Pretrained sentence BERT model.
State-of-the-art embeddings from OpenAI’s embedding models. We compare with curie because at the time of this experiment that was the largest released model. Note that this model is significantly larger than our BERT model, outputs significantly higher dimensional vectors(4096 vs 384), and is 100000x more expensive to run at scale.
Neeva Q2Q model: trained using the soft label technique.
The Neeva Q2Q model beats all baselines by a significant margin. While OpenAI does do reasonably well for this task (unlike what was observed here), our model still defeats it by a large margin.
Applying query similarity
Once we have a language model fine-tuned to identify queries that are similar to each other, we can use it in various ways. For example, we can pre-compute latent representations of all the queries we have seen in the past. Now, on each new user query, a nearest neighbors search provides us with the k most similar queries.

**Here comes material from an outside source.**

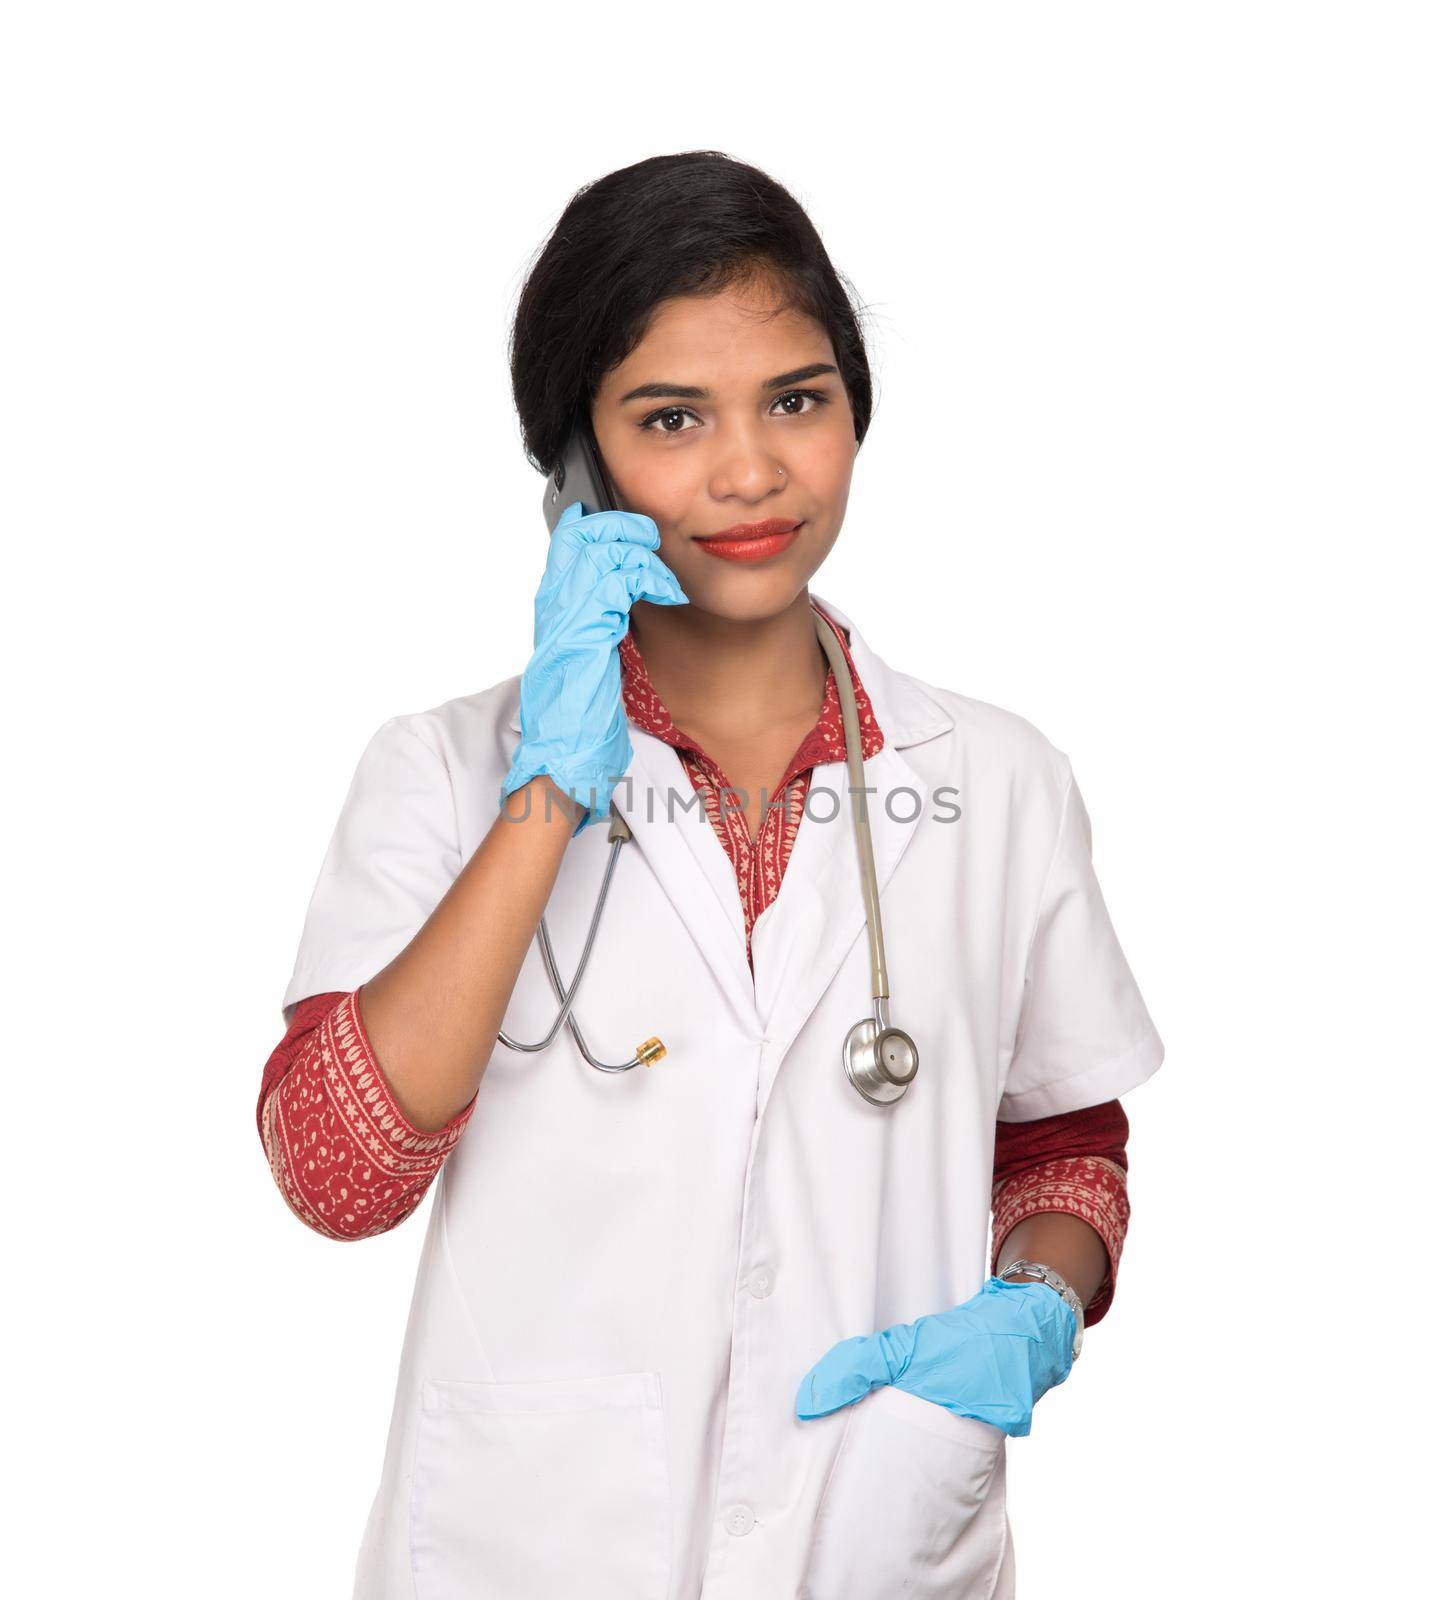 Female doctor with stethoscope talking on mobile phone on white background by DipakShelare

Past ranking signals (eg. clicked documents) for these similar queries can now assist with ranking results for the new user query. We also use this model to create contextual synonyms. Or finally, given a user query, we can pick out query terms that can be dropped without changing the meaning of the query (called the optionalization problem) by computing the similarity between the original query and the query with terms dropped.
All of these different applications have the same end goal i.e. generate a set of alternative formulations of the user query to make it easier for our retrieval and ranking systems to understand user intent and retrieve the best documents.
While closing the engineering, data, and compute gap is still an incredibly difficult task, such techniques that utilize recent deep learning advancements and fine-tuned language models are promising and can help us leapfrog hundreds of thousands of software engineering hours.